» **TASK BRIEF**
Since the records include pictures, leave those out while you reproduce exactly and only the lines from the one containing "Krups 8100 espressomachine" through the one containing "経歴おびえた魔法パーティー 塗料 顔料", inclusive.

» **MATERIAL SUPPLIED**

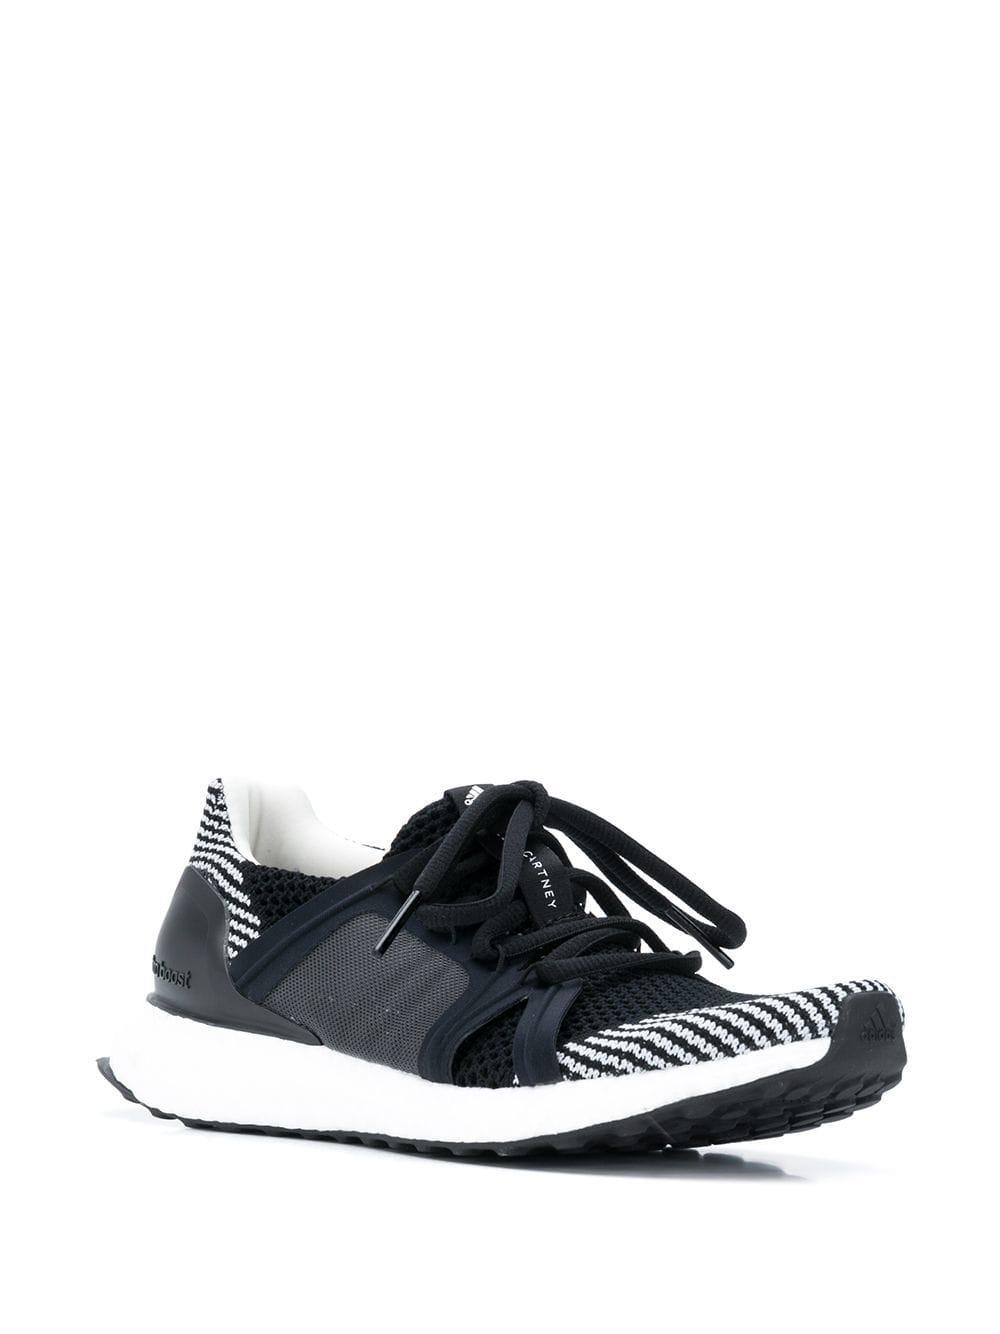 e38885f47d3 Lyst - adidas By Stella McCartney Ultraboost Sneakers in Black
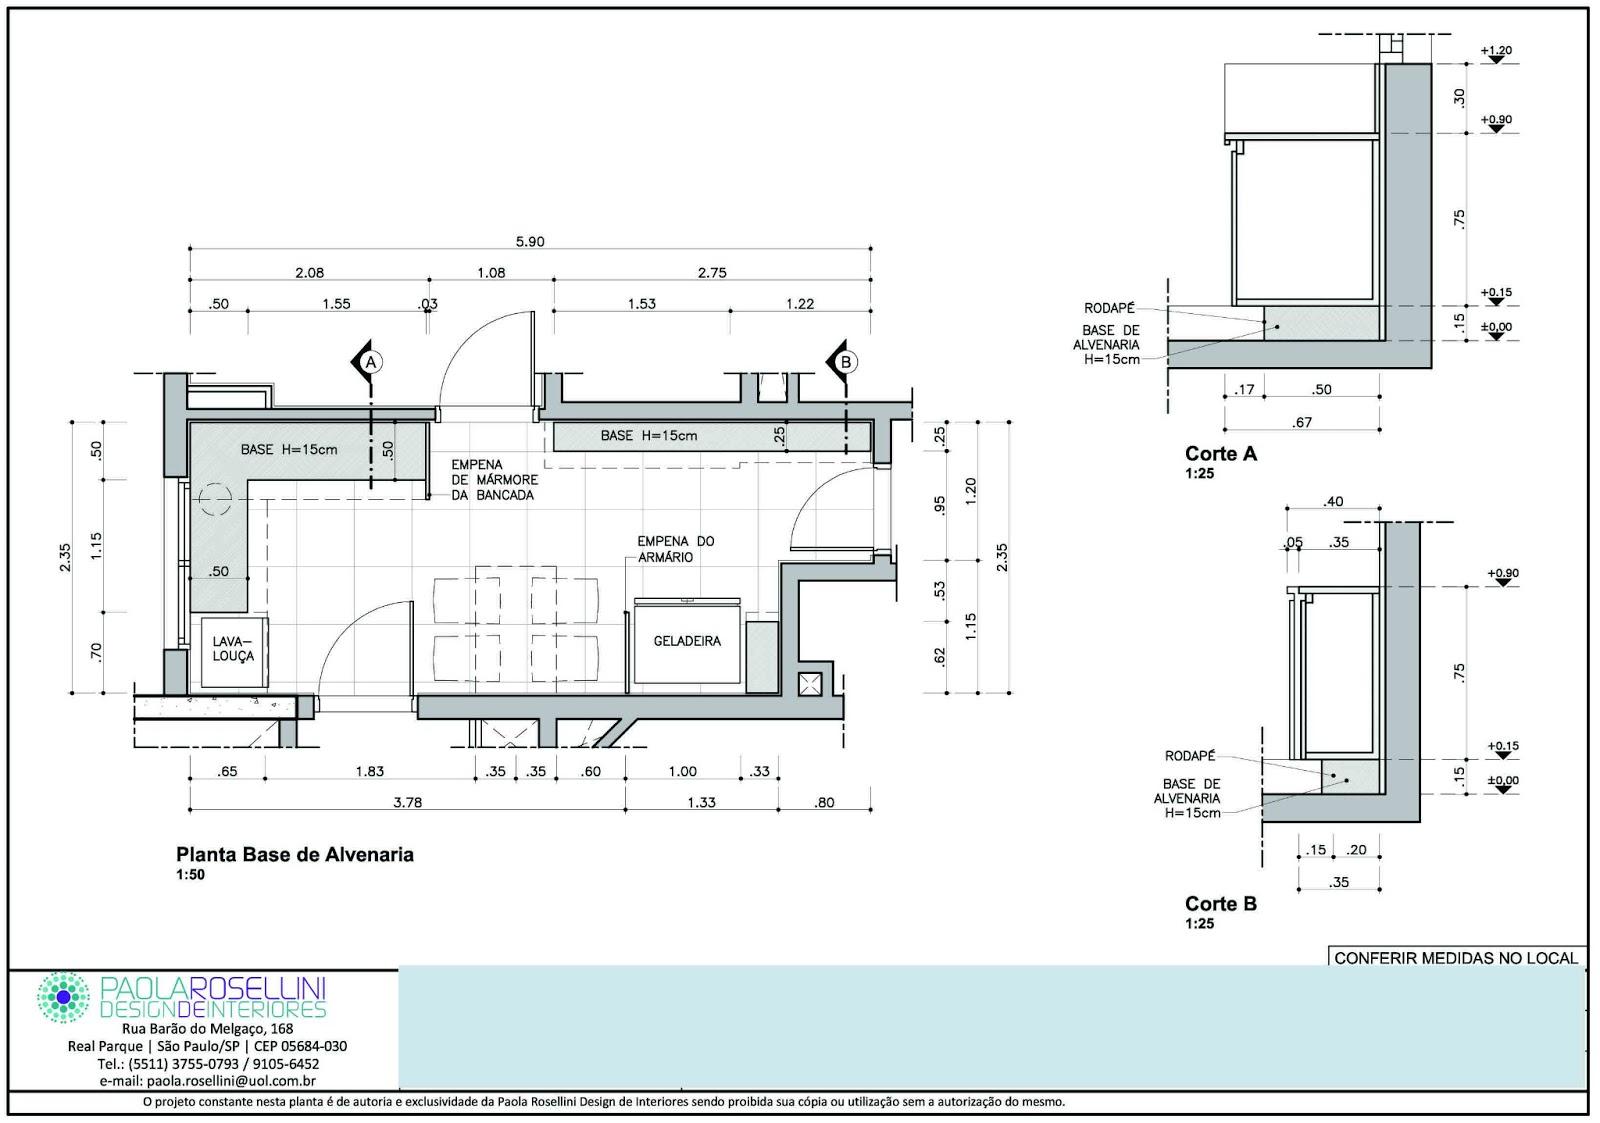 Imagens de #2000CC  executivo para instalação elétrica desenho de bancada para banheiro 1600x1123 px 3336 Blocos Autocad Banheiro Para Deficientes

==

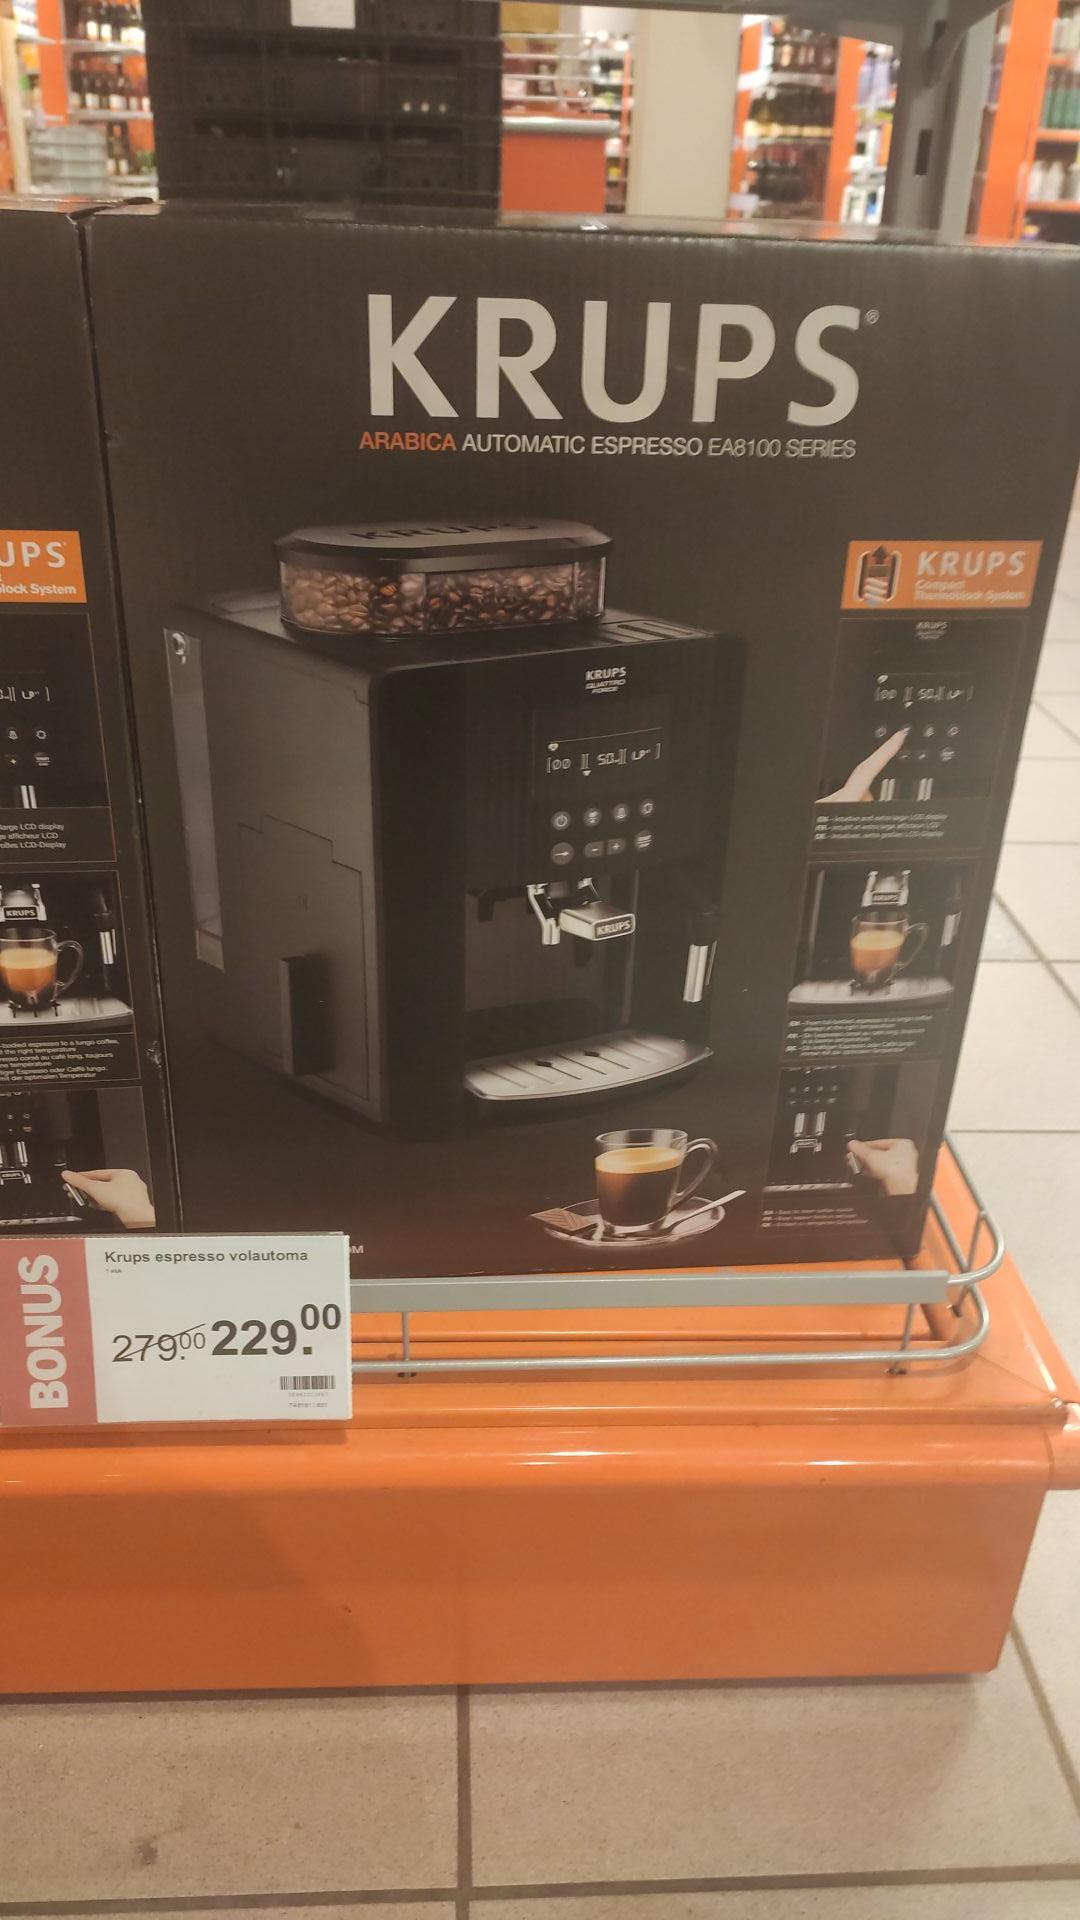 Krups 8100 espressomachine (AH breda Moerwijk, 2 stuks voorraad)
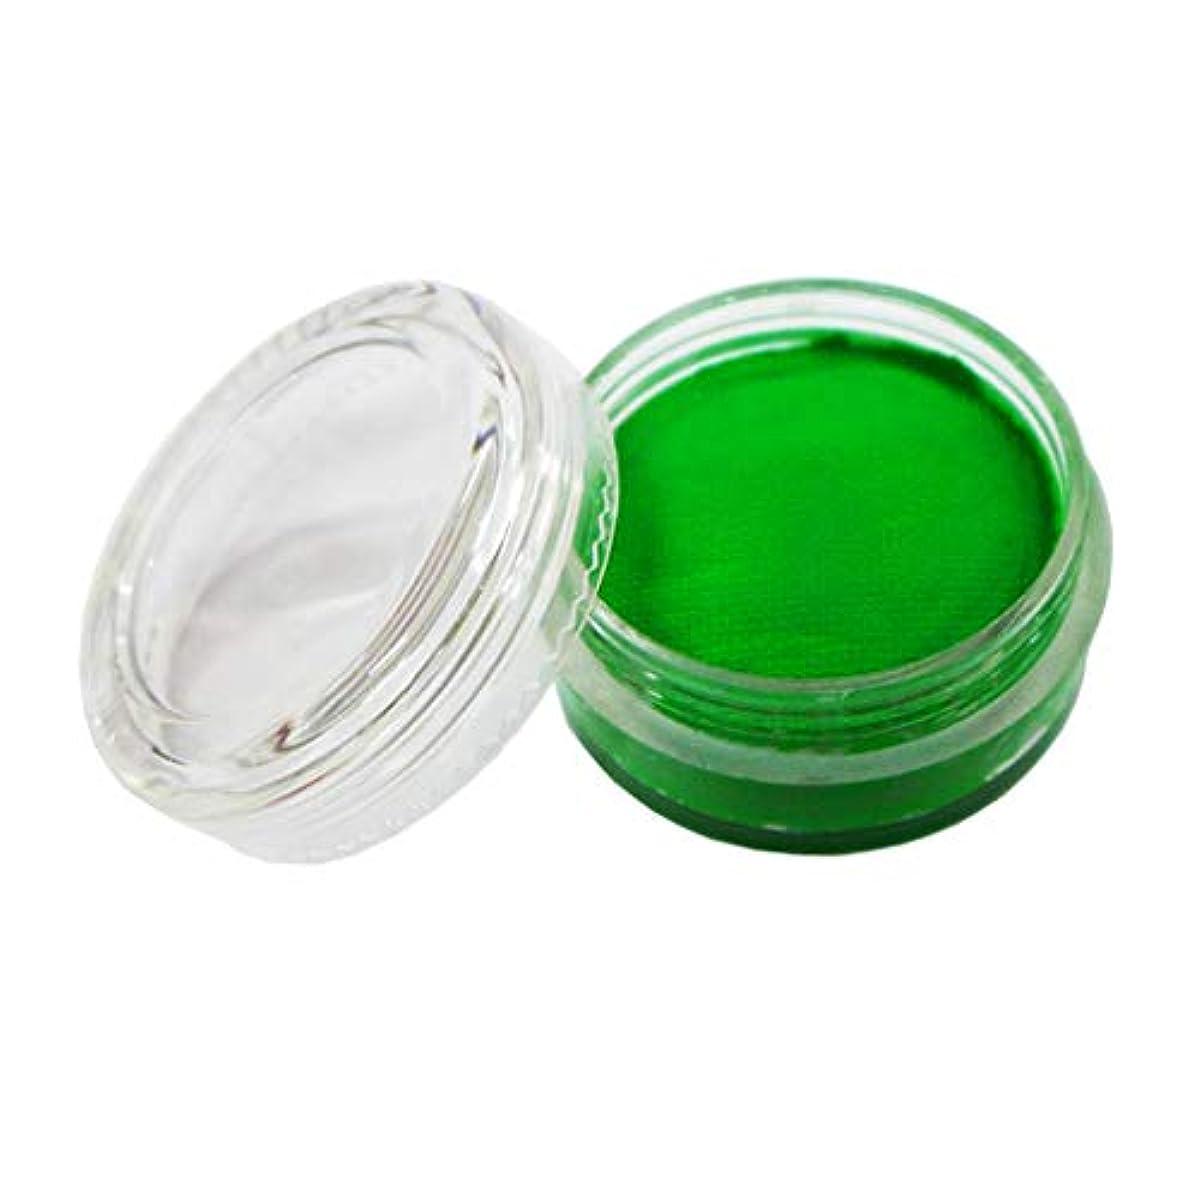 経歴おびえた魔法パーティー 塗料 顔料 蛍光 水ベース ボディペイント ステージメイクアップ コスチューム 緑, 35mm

» **FINISHED TASK**
 Krups 8100 espressomachine (AH breda Moerwijk, 2 stuks voorraad)
 経歴おびえた魔法パーティー 塗料 顔料 蛍光 水ベース ボディペイント ステージメイクアップ コスチューム 緑, 35mm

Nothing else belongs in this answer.